Best regards & thanks again,

Sebastian



On Friday, July 31, 2015 at 3:32:41 PM UTC+2, l.garulli wrote:
>
> Hi Sebastian,
> Sorry to have seen this now, I hope it's not too late.
>
> Starting from your last query (about 7 seconds):
>
> select from RecordImpl
> where 
>   type contains [#46:0]
> and (
>   relationNode.relations 
>   contains (
>     predicate contains [#34:0] and subject contains [#30:18]
>   ) 
> )
>
> I see the bottleneck is the expression: *relationNode.relations contains 
> ( predicate contains [#34:0] and subject contains [#30:18] )*. In facts 
> with such expression OrientDB does a full scan of many records. You can try 
> by prefixing *EXPLAIN* to the query:
>
> *explain* select from RecordImpl where type contains [#46:0] and 
> ( relationNode.relations contains ( predicate contains [#34:0] and subject 
> contains [#30:18] ) )
>
> The secret for fast queries is, in any DBMS, using indexes as much as you 
> can. When you use the dot notation (.) OrientDB can't use the indexes. By 
> reading the original query:
>
> select from RecordImpl
> where 
>   type.uniqueKey = 'TOME'
> and 
>   relationNode.relations 
>   contains (
>    (predicate.uniqueKey = 'IS_PUB_PLACE_OF') 
>     and 
>     subject.relationNodeContainers contains (uniqueKey = 'MILANO')
>   )
>
> You have 3 conditions to match. If you'd use the Graph API you'd have 
> bidirectional edges, so you can start from any point in the graph and cross 
> in any direction. For example you can lookup for all the place of type "
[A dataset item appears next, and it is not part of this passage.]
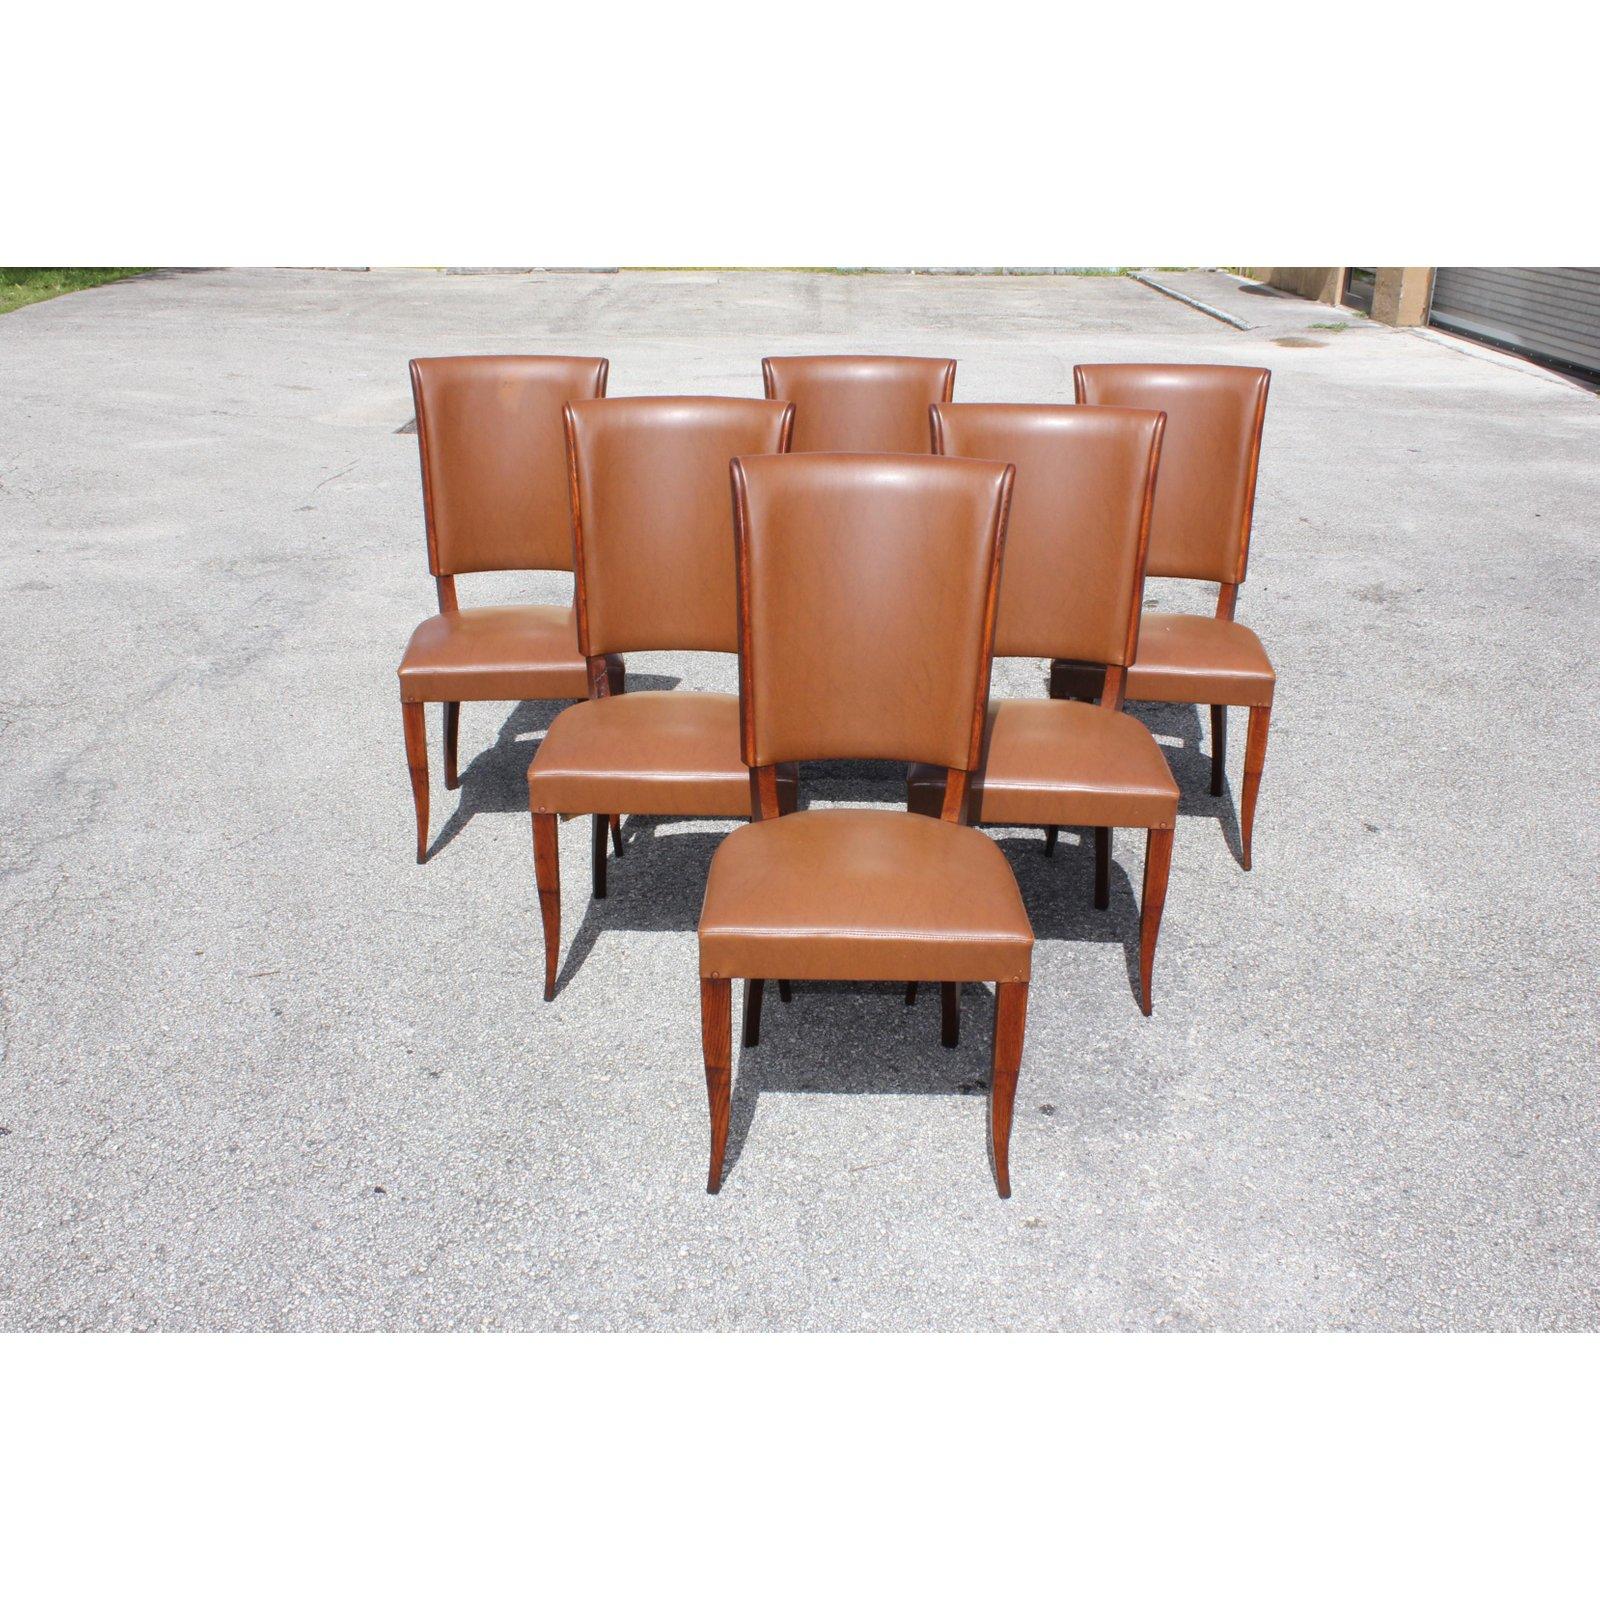 Classic set of six French Art Deco solid mahogany dining chairs 1940s. The chair frames are in excellent condition. Reupholstery is vinyl recommended for all 6 dining chairs, but the color of the dining chairs are beautiful, circa 1940s. Dimensions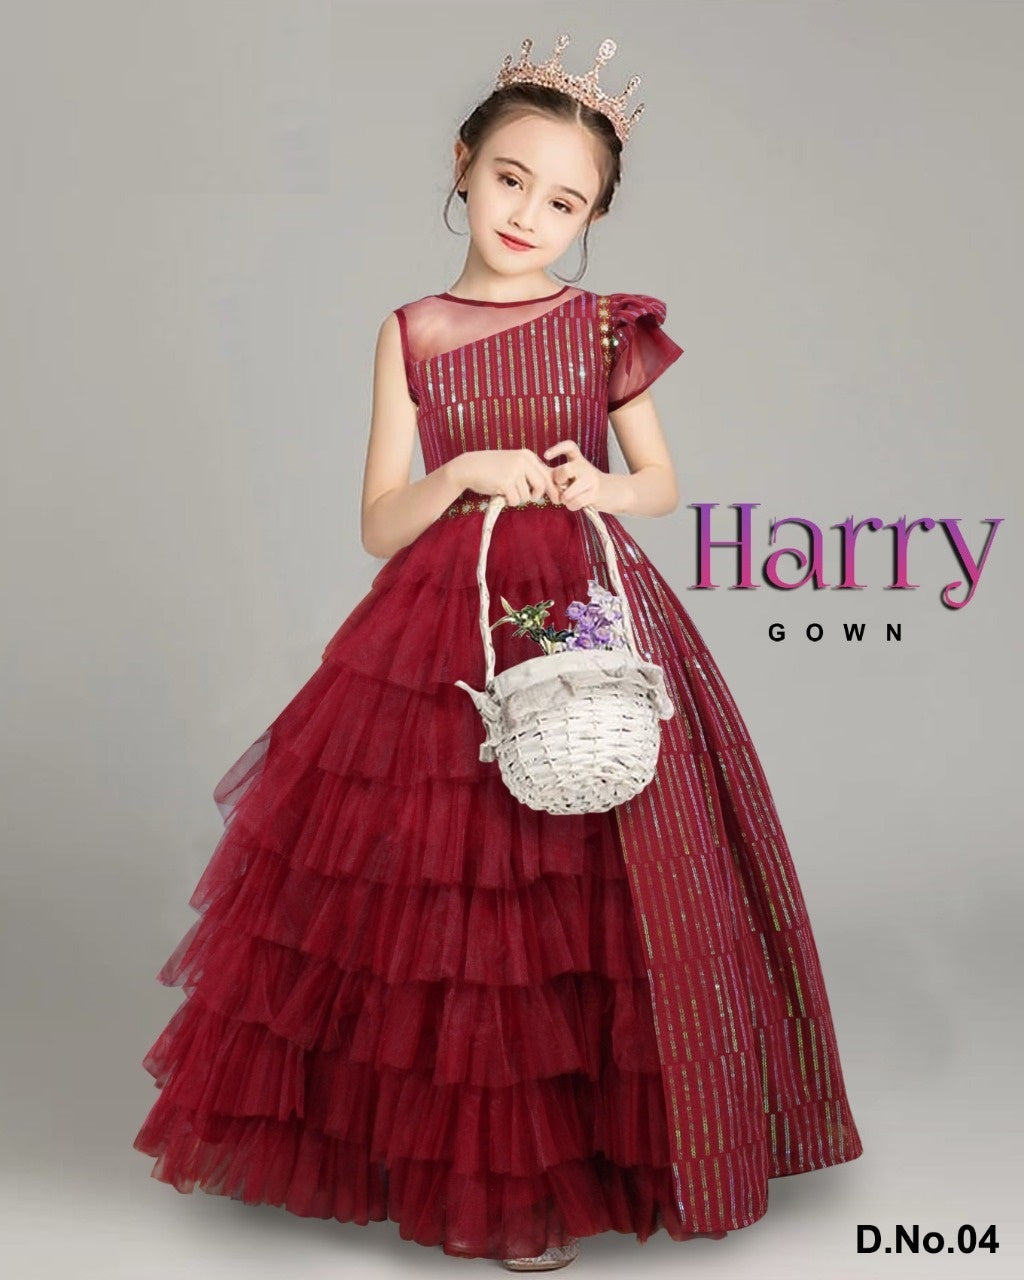 Designer Harry Children Kids Gwon Dno.04 Anant Tex Exports Private Limited

> IS_PUB_PLACE_OF" and start crossing the graph matching the other 
> conditions. Or you could do the same with "MILANO".
>
> To help you more I'd need the schema of the entities involved in this 
> query.
>
> Best Regards,
>
> Luca Garulli
> Founder & CEO
> OrientDB <http://orientdb.com/>
>
>
> On 31 July 2015 at 12:46, Zapp El <[email protected] <javascript:>> 
> wrote:
>
>>
>> So, we officially gave up on OrientDB.
>>
>> Performance is just too bad for our use-case. We did try a couple of 
>> things more, but none of them helped. Even with a very small amount of Data 
>> (2 GB, ~ 4,859,173 Records), Performance is abysmal. 
>>
>> That is really a pity. I totally like the basic concept of OrientDBs 
>> ObjectDB. 
>>
>> Since I work with several hundred GBs of index data with Lucene and Solr 
>> on a daily base and never had a problem to achieve a decent performance my 
>> only guess right now is that OrientDBs ObjectDB suffers from a poorly 
>> written query optimization. 
>>
>> And BTW, we really hoped that one of the developers would chime in here. 
>> In the end, we are potential customers, but as long as we can't get a 
>> basic proof of concept going or at least get confirmation, that our data 
>> isn't a complete mismatch for OrientDB, we won't buy any licences. 
>>
>> Best regards,
>>
>> Sebastian
>>
>>
>>
>>
>> On Tuesday, July 28, 2015 at 7:13:06 PM UTC+2, Zapp El wrote:
>>>
>>> Hello Community, 
>>> hello OrientDB developers!
>>>
>>> I work in public services, and currently we're evaluating different 
>>> technologies (OrientDB, Hibernate/postgres, Fedora4 and neo4j) in order to 
>>> find the best possible backend-solution for our data. 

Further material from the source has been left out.